To understand how the
text_content method
works, here’s a small example. Suppose we have this structure of the document
<tr> <td> <span> text </ span> <span> text </ span> . So, the
text_content method returns a string of
text, text , and the
text method does not return anything, or just
text .
Now that we have 2 subsets of data, combine them into a final set:
sum_event_link = events_tabl.set_index('EVENT').join(event_date.set_index('EVENT')).reset_index()
Here, we first specify the indices to our sets, then combine them and reset the indices of the final set. More information about these operations can be found in one of my past
articles . It remains to upload the received dataframe to a text file, for safekeeping:
sum_event_link.to_csv('..\DataSets\ufc\list_ufc_events.csv',';',index=False)
Event handler for one UFC event
We unloaded a page with a list of tournaments in a convenient format. It's time to sort out the results pages for the competition. For example, take the last
tournament and see the HTML code of the page.
You may notice that the information we need is contained in the element with the
data_table class
row_is_link . In general, the parsing process is similar to the one shown above, with one exception: the results table is not entirely correct.
Its uncorrection is that for each fighter there is a separate line in it, which is not convenient in the analysis. To get rid of this inconvenience when analyzing the results, I decided to use an iterator, only on odd lines. The number of the even number is calculated from the current odd line.

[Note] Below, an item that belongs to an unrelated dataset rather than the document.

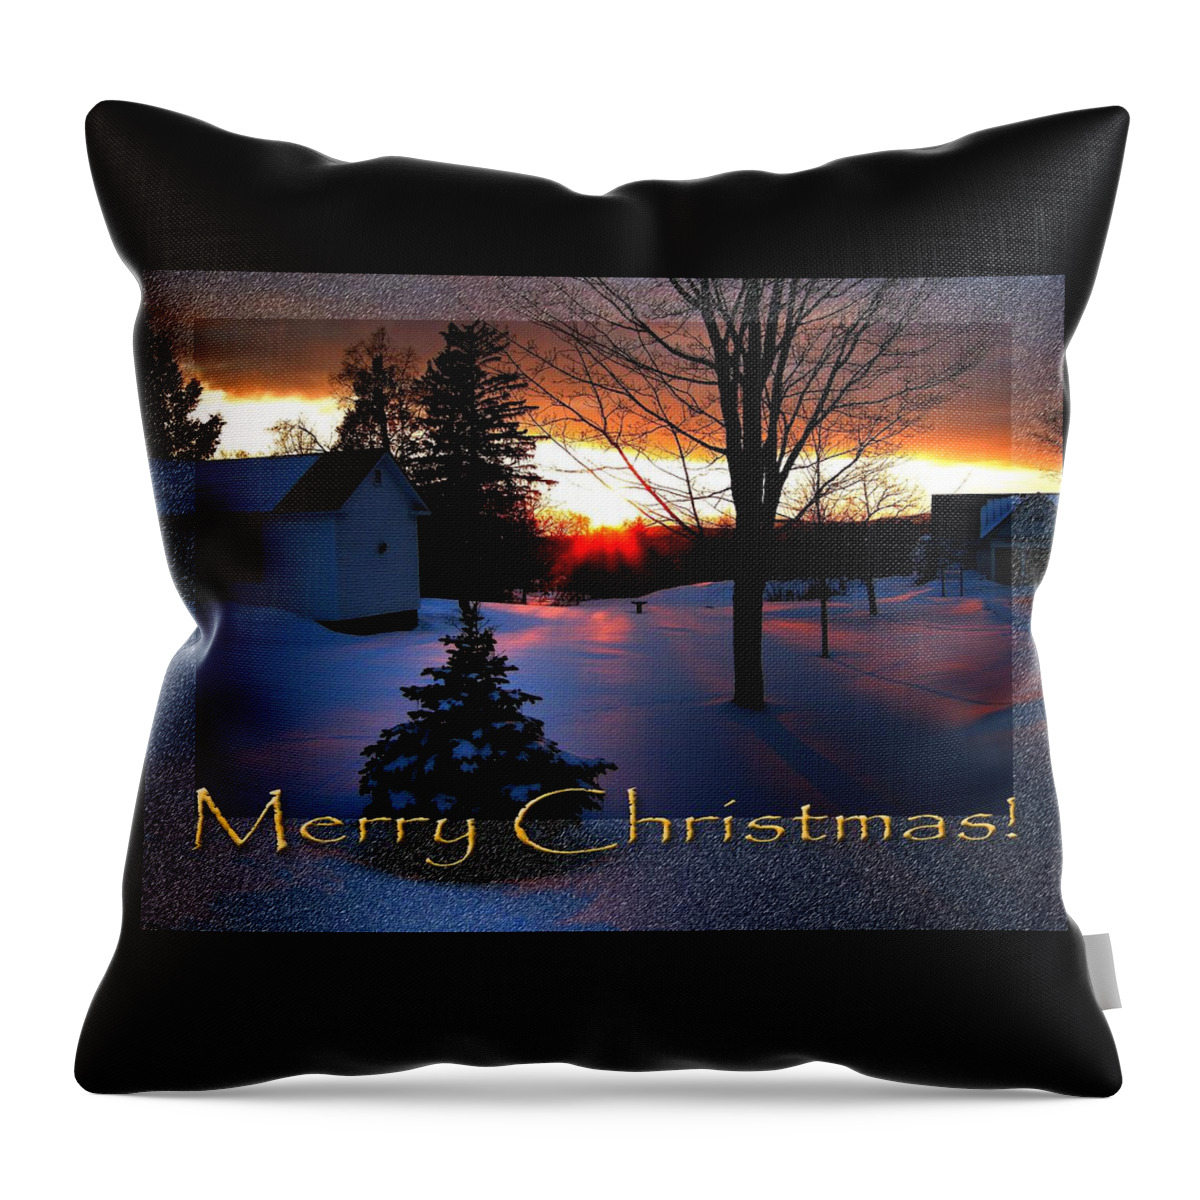 Merry Christmas Throw Pillow featuring the photograph Merry Christmas #1 by Savannah Gibbs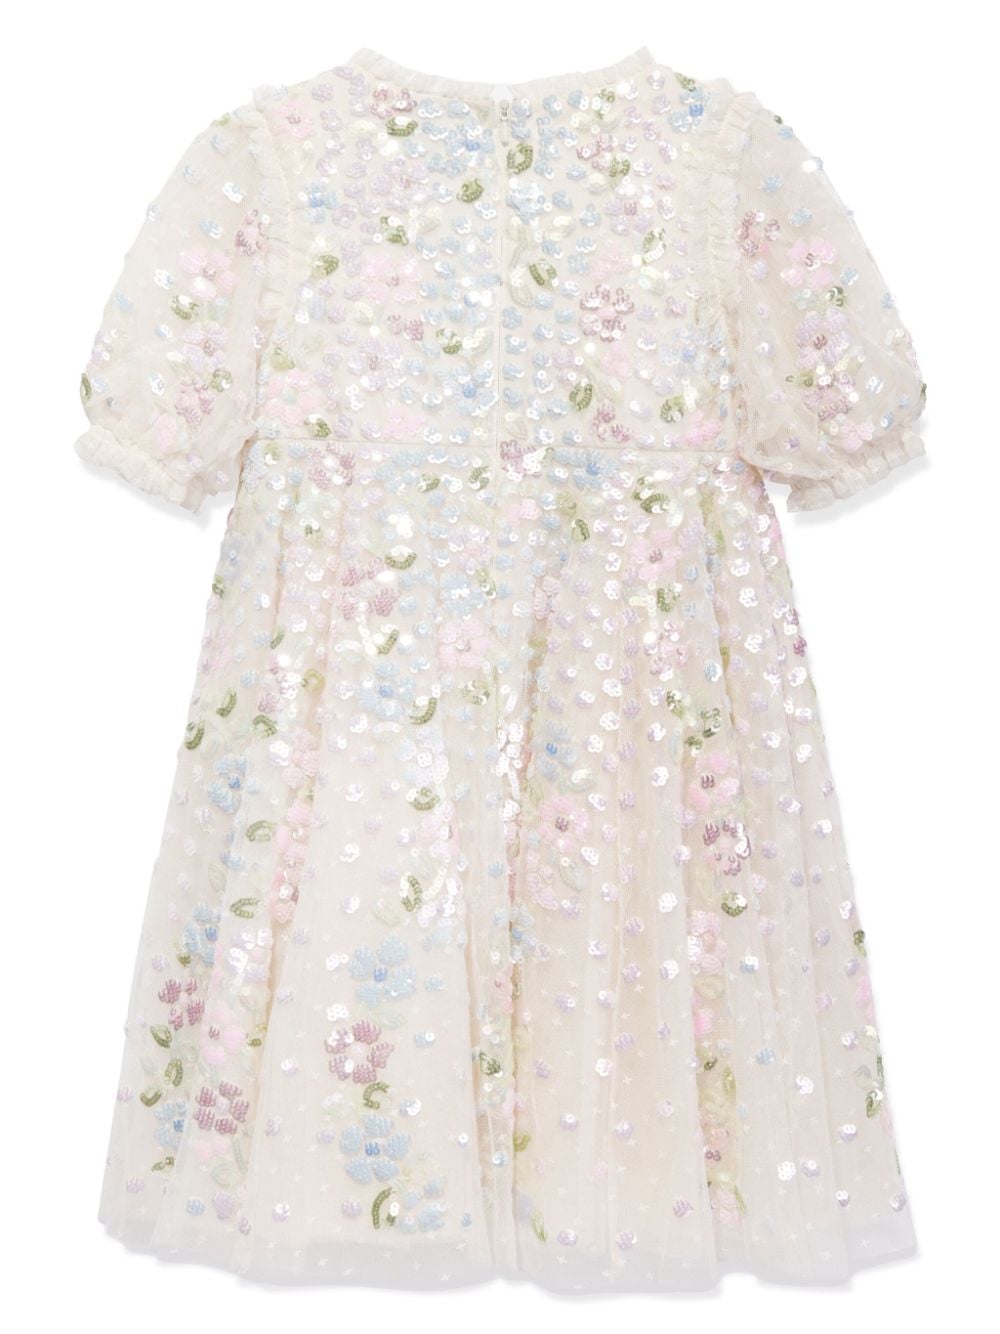 NEEDLE & THREAD KIDS floral-embroidered dress - Beige

Thus, I will process a couple of lines at once and transfer them to a line. The code will be as follows:
all_fights = [] for i in sum_event_link.itertuples(): page_event = html.parse('%s/%s' % (main_domain_stat,active_event_link)) main_code = page_event.getroot() figth_event_tbl = main_code.find_class('data_table row_is_link').pop()[1:] for figther_num in xrange(len(figth_event_tbl)): if not figther_num % 2: all_fights.append( {'FIGHTER_WIN': figth_event_tbl[figther_num][2].text_content().lstrip().rstrip(), 'FIGHTER_LOSE': figth_event_tbl[figther_num+1][1].text_content().lstrip().rstrip(), 'METHOD': figth_event_tbl[figther_num][8].text_content().lstrip().rstrip(), 'METHOD_DESC': figth_event_tbl[figther_num+1][7].text_content().lstrip().rstrip(), 'ROUND': figth_event_tbl[figther_num][9].text_content().lstrip().rstrip(), 'TIME': figth_event_tbl[figther_num][10].text_content().lstrip().rstrip(), 'EVENT_NAME': i[1]} ) history_stat = DataFrame(all_fights)
You may notice that for each match the tournament name is additionally recorded. This is necessary in order to determine the date of the match.
Now save the results to a file:
history_stat.to_csv('..\DataSets\ufc\list_all_fights.csv',';',index=False)
Let's look at the result:
history_stat.head()
| EVENT_NAME | FIGHTER_LOSE | FIGHTER_WIN | METHOD | METHOD_DESC | ROUND | TIME |
---|
0 | UFC Fight Night 38: Shogun vs. Henderson | Robbie lawler | Johny hendricks | U. DEC | NaN | five | 5:00 |
---|
one | UFC Fight Night 38: Shogun vs. Henderson | Carlos condit | Tyron woodley | KO / TKO | Knee injury | 2 | Two o'clock |
---|
2 | UFC Fight Night 38: Shogun vs. Henderson | Diego sanchez | Myles jury | U. DEC | NaN | 3 | 5:00 |
---|
3 | UFC Fight Night 38: Shogun vs. Henderson | Jake shields | Hector lombard | U. DEC | NaN | 3 | 5:00 |
---|
four | UFC Fight Night 38: Shogun vs. Henderson | Nikita Krylov | Ovince saint preux | SUB | Other - Choke | one | 1:29 |
---|
It remains only to tighten the date to the fights and unload the final file:
all_statistics = history_stat.set_index('EVENT_NAME').join(sum_event_link.set_index('EVENT').DATE) all_statistics.to_csv('..\DataSets\ufc\statistics_ufc.csv',';', index_label='EVENT')
Conclusion
In the article, I tried to show the basics of working with the
lxml library, which is used for parsing XML and HTML markup. The code specified in the article does not claim to be optimal, but correctly performs the task set for it.
As you can see from the above program, the process of working with the library is quite simple, which helps to quickly write the necessary code. In addition to the above functions and methods, there are other equally necessary.